CPU Scheduling
A scheduler’s job is deceptively simple: decide which process runs next. The hard part is doing it with fairness, low latency, and high throughput — simultaneously.
The Problem
A modern system runs many processes but has limited CPU cores. The scheduler creates the illusion of concurrency by rapidly switching between processes — fast enough that each feels like it has the CPU to itself.
Process States
Every process exists in one of a small number of states:
- Running — currently executing on a CPU core
- Ready — runnable, waiting for the scheduler to pick it
- Blocked — waiting for I/O, a lock, or a timer — cannot run
- Zombie — exited but not yet waited on by its parent
Transitions between states are triggered by syscalls, hardware interrupts, and the scheduler itself.
Context Switching
A context switch is the mechanism by which the CPU moves from running one process to another. It involves saving the current process’s registers (and FPU/SIMD state) into its PCB, loading the next process’s saved state, and switching page tables (CR3 on x86).

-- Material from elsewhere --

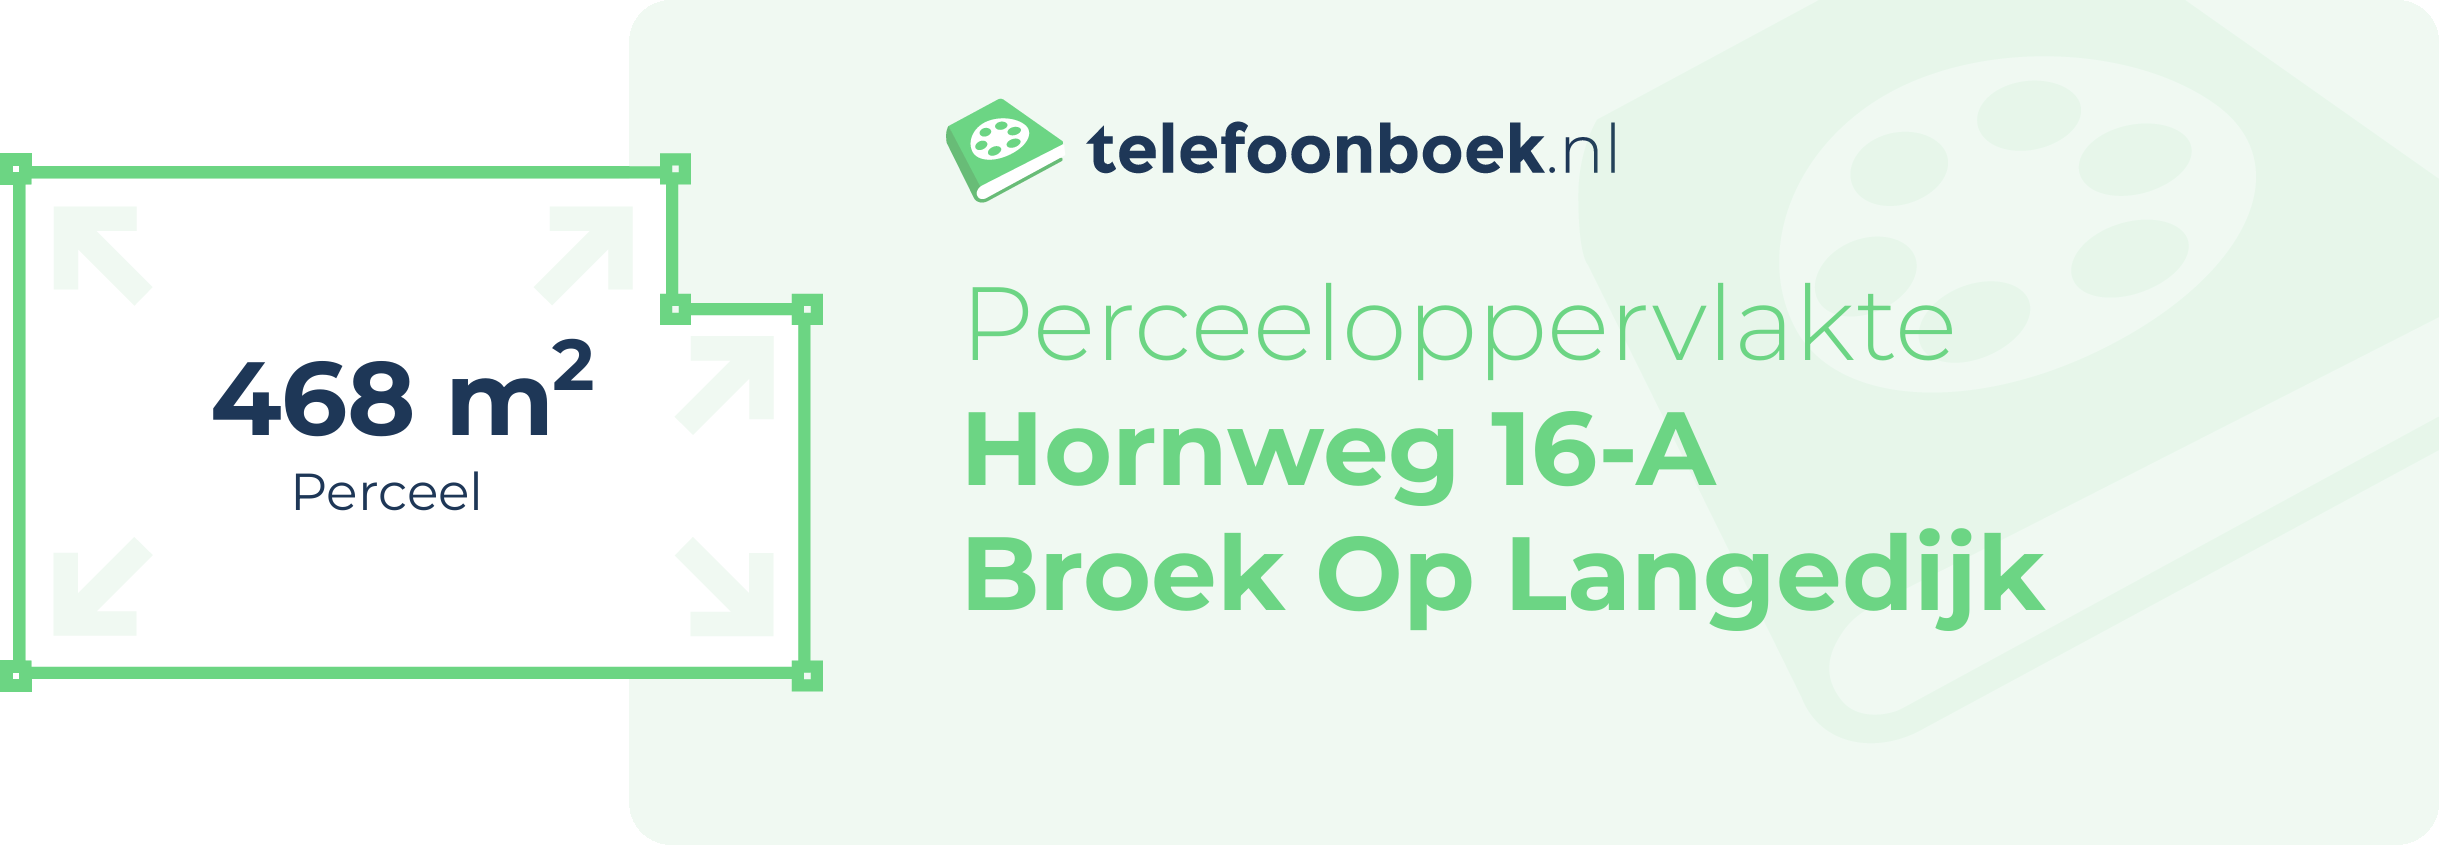 Perceeloppervlakte Hornweg 16-A Broek Op Langedijk

// Simplified context switch (assembly in real kernels)
void switch_to(struct task *prev, struct task *next) {
save_registers(&prev->context);
load_cr3(next->mm->pgd); // switch address space
restore_registers(&next->context);
}
Context switches are expensive: TLB flushes, cache cold-start, pipeline stalls. Linux uses PCID to reduce TLB overhead across switches.
Scheduling Algorithms
Round Robin — each process gets a fixed time quantum. Simple, fair, but ignores priority.
CFS (Completely Fair Scheduler) — Linux’s default. Tracks virtual runtime per process
in a red-black tree. Always picks the process with the smallest vruntime to run next.
Higher-priority processes accumulate vruntime more slowly.
Real-time schedulers — SCHED_FIFO and SCHED_RR for hard real-time tasks.
Priority preempts everything.
The Scheduler in MiniKernel
My kernel uses simple round-robin over a static process table. On each timer interrupt, the current process is moved to the tail of the run queue and the head is dispatched. No priorities, no sleep/wake — just cooperative time-sharing.
Open Questions
- How does CFS handle processes that sleep frequently (interactive vs. batch)?
- What’s the overhead of
SCHED_DEADLINEcompared to CFS? - How do NUMA-aware schedulers minimize cross-socket memory access?